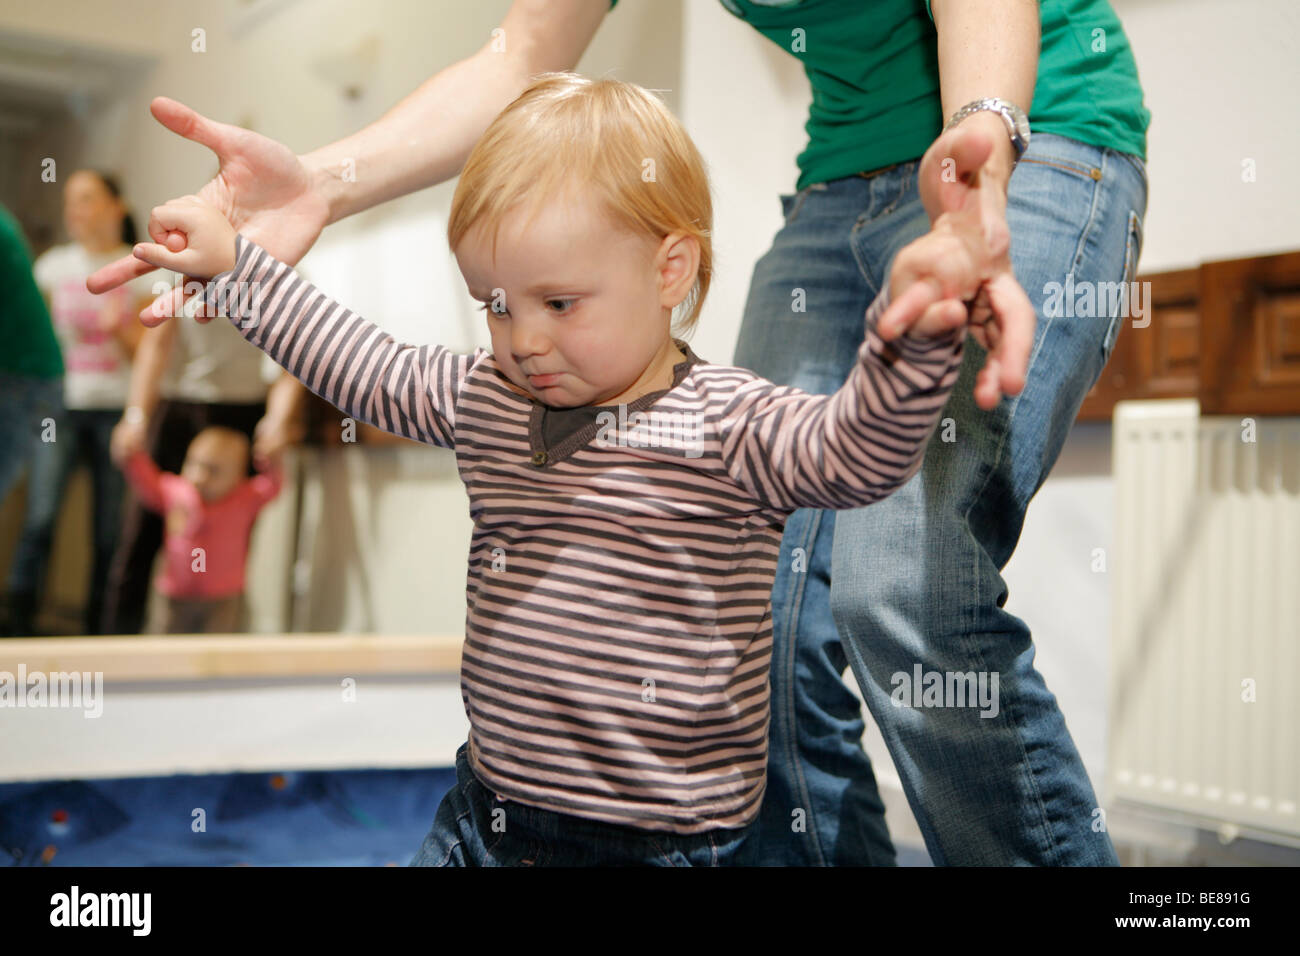 Mothers and children in baby center playing music. Baby music. Stock Photo
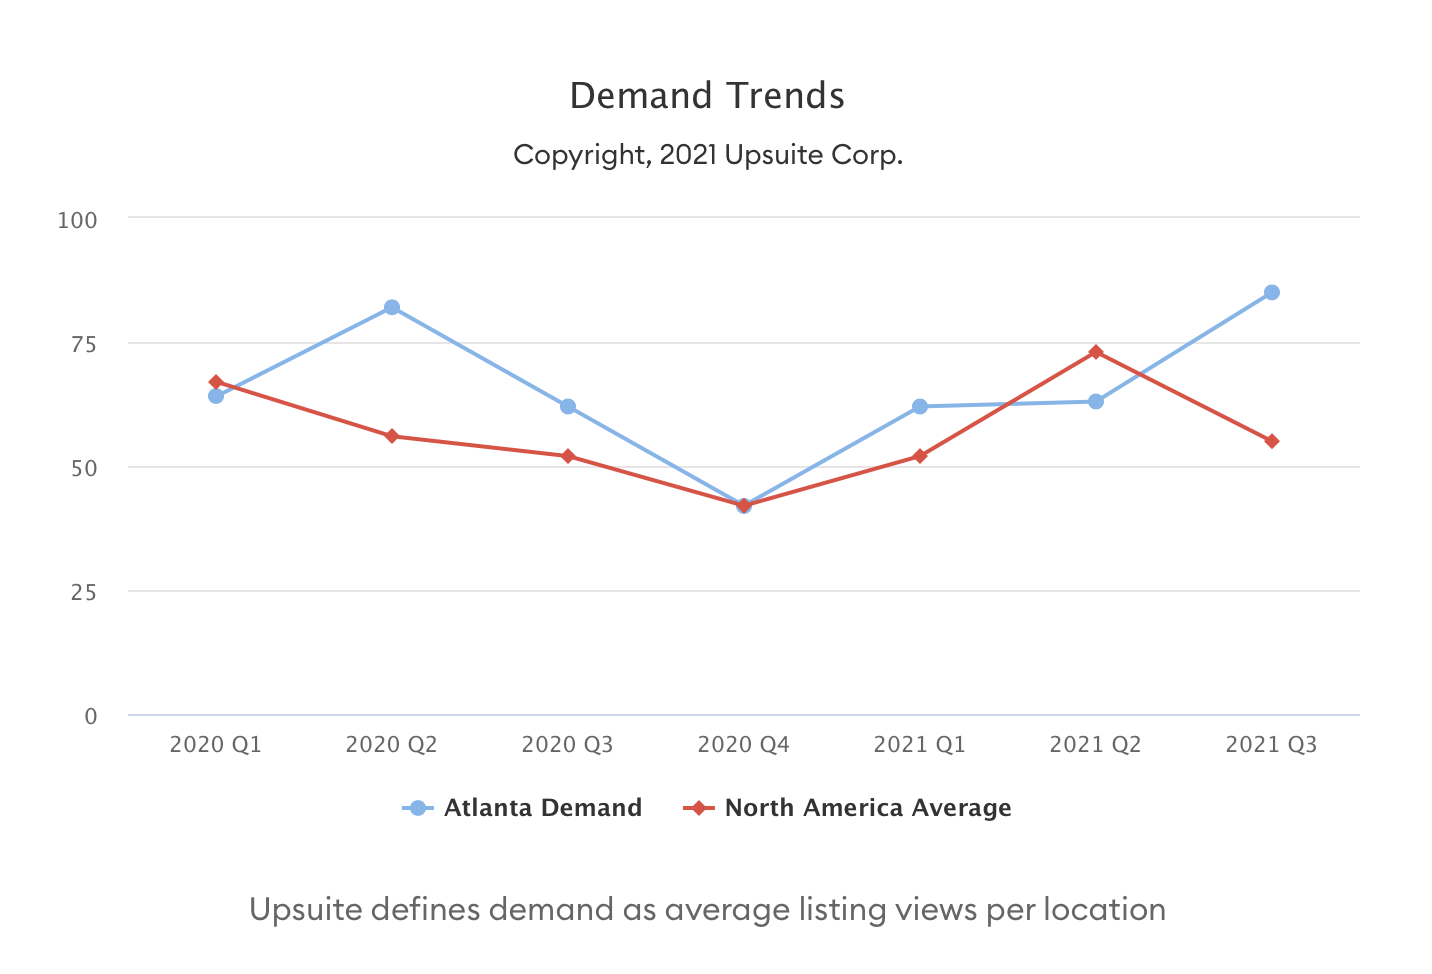 Demand for Flexible Office fell in some markets in Q3 2021
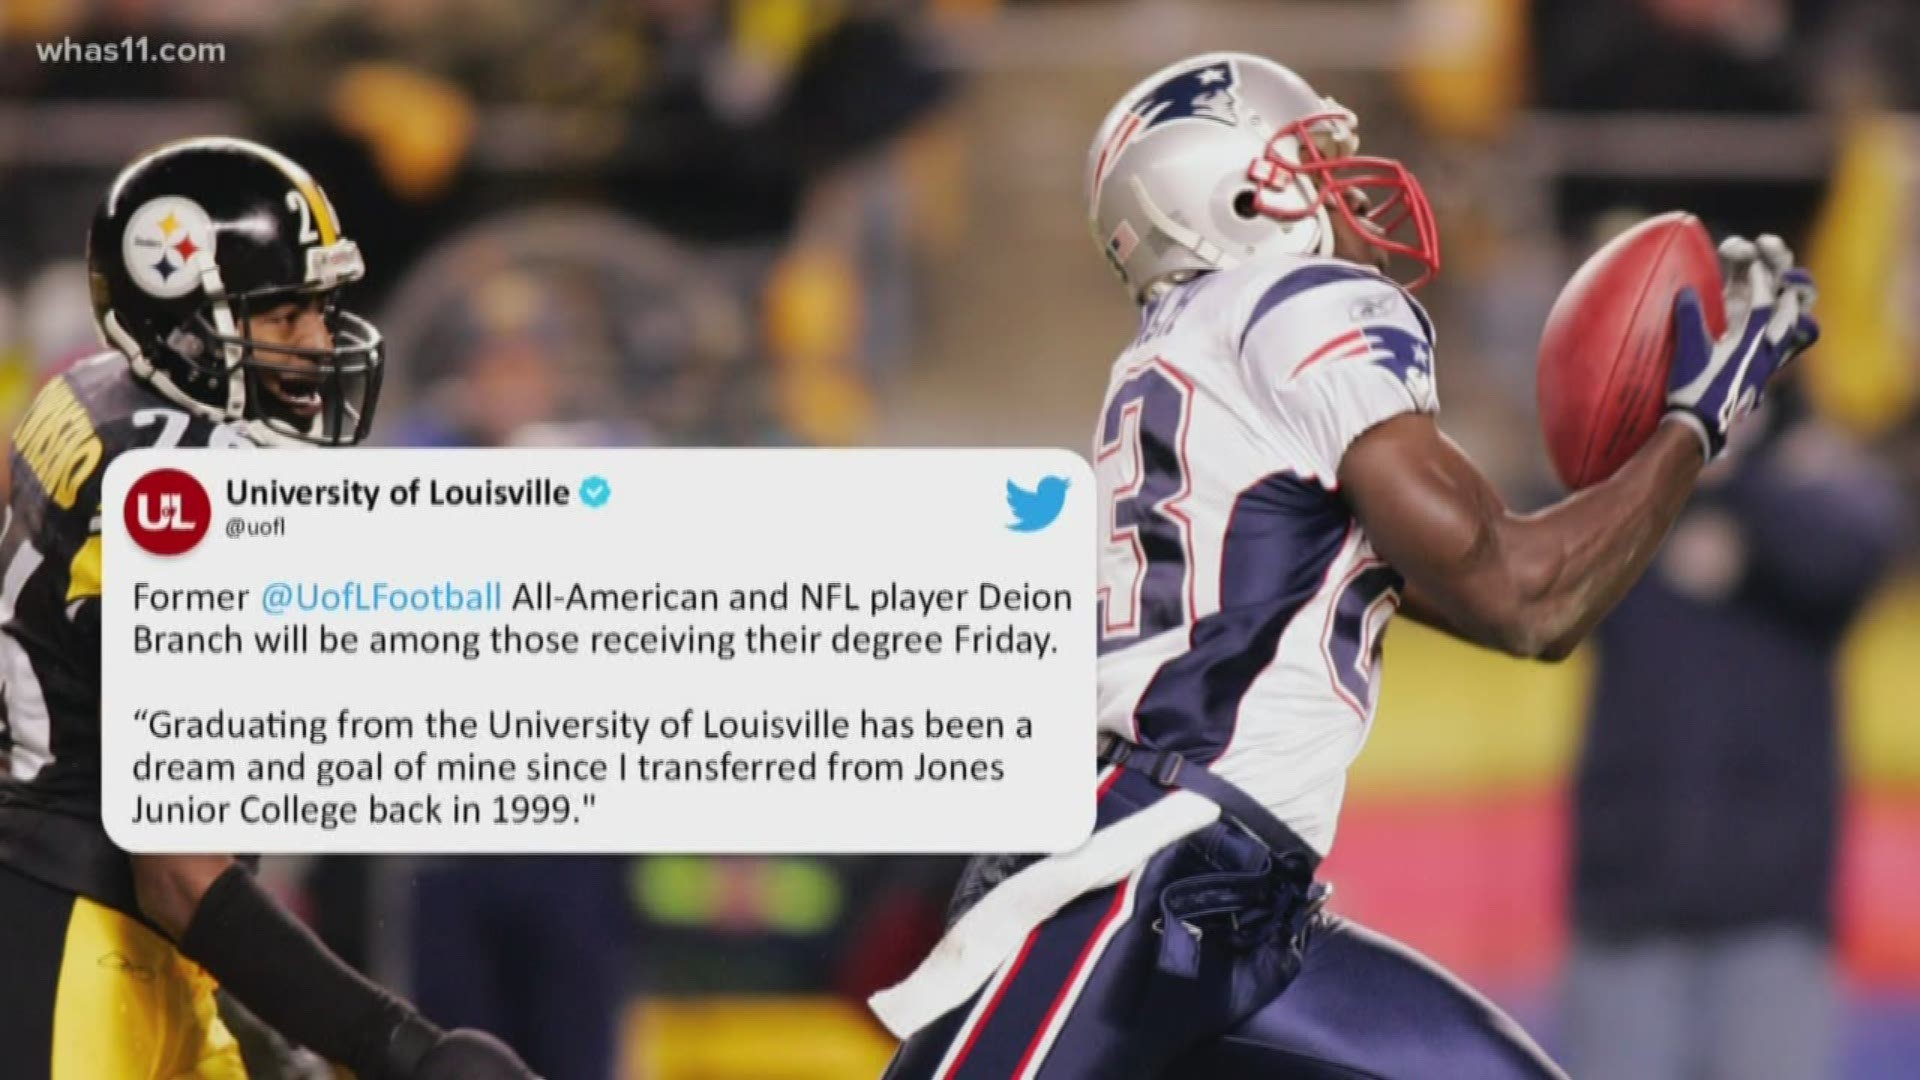 Super Bowl champion Deion Branch will earn his degree after leaving Louisville more than 18 years ago.
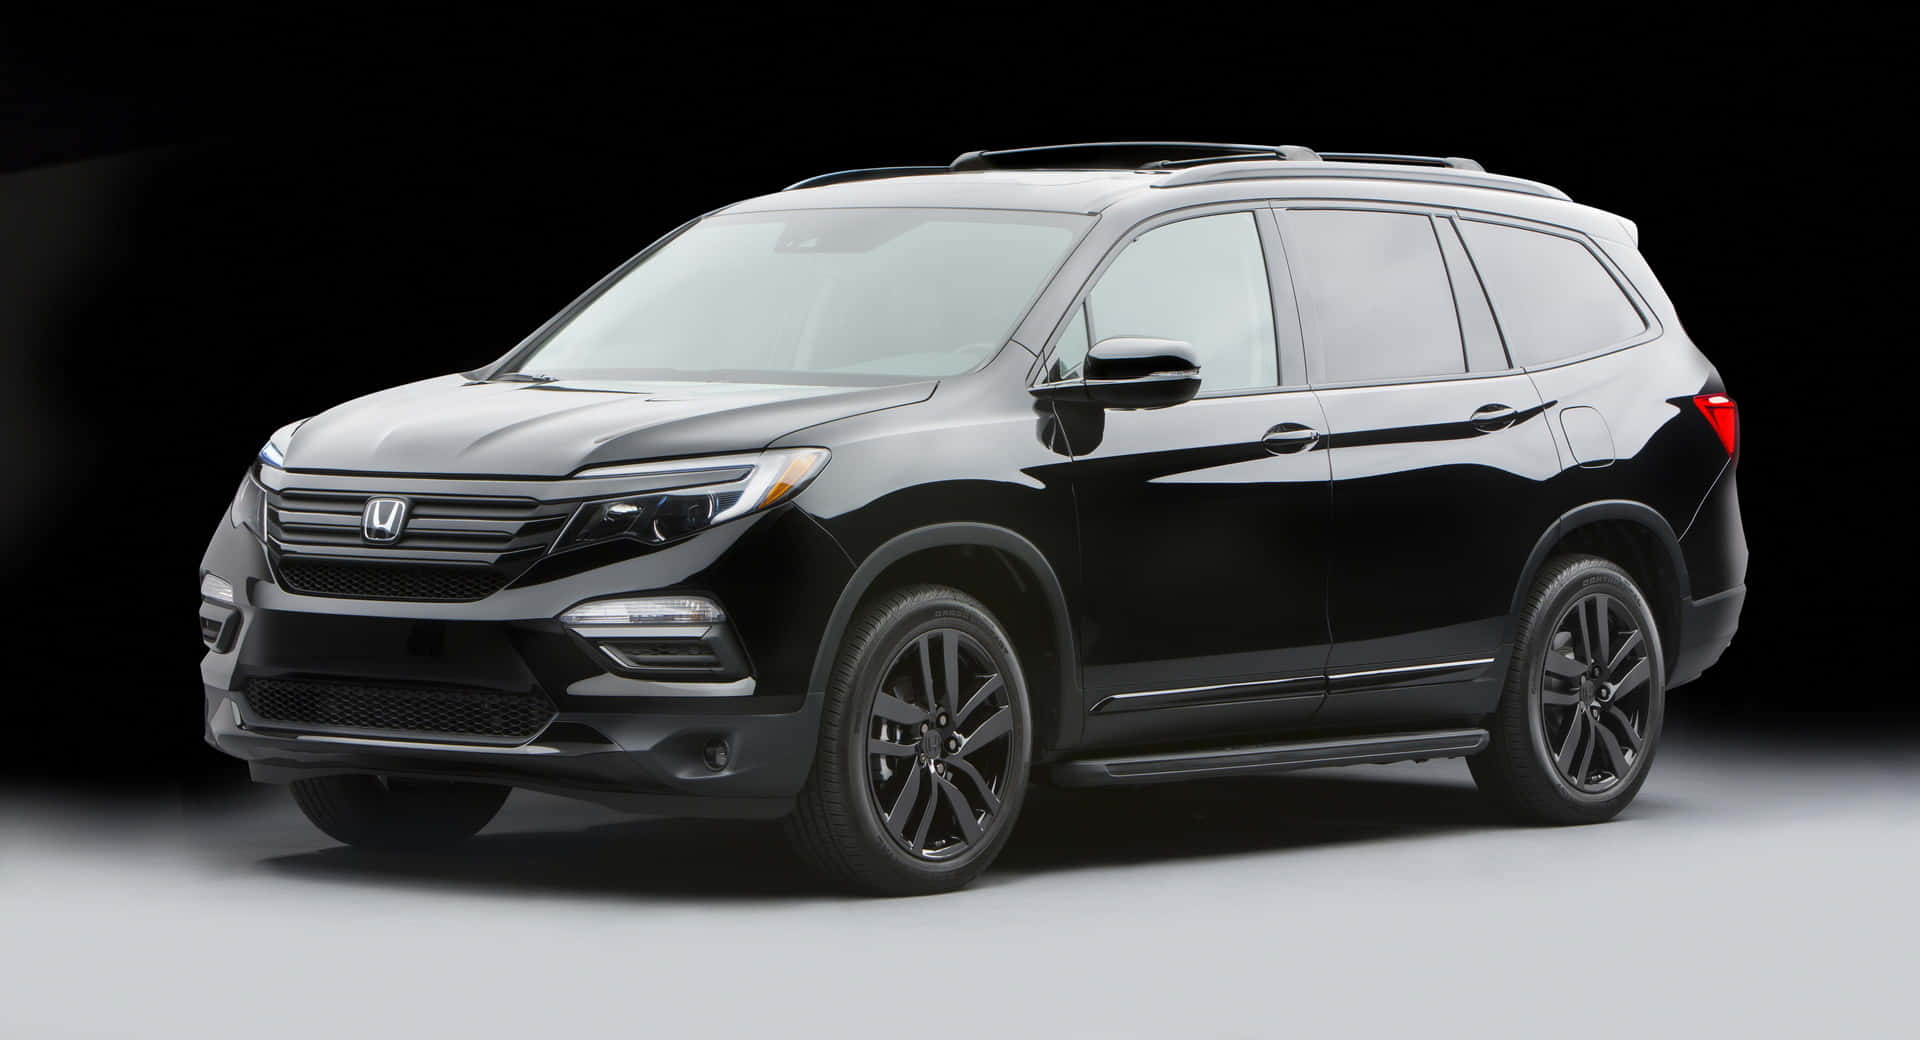 Sleek and Functional Honda Pilot SUV on a Picturesque Highway Wallpaper
————————
- To do
Transcribe all of the material exactly and leave out its pictures.

- Response to this task
 Mothers and children in baby center playing music. Baby music. Stock Photo
 Demand for Flexible Office fell in some markets in Q3 2021
 Super Bowl champion Deion Branch will earn his degree after leaving Louisville more than 18 years ago.
 Sleek and Functional Honda Pilot SUV on a Picturesque Highway Wallpaper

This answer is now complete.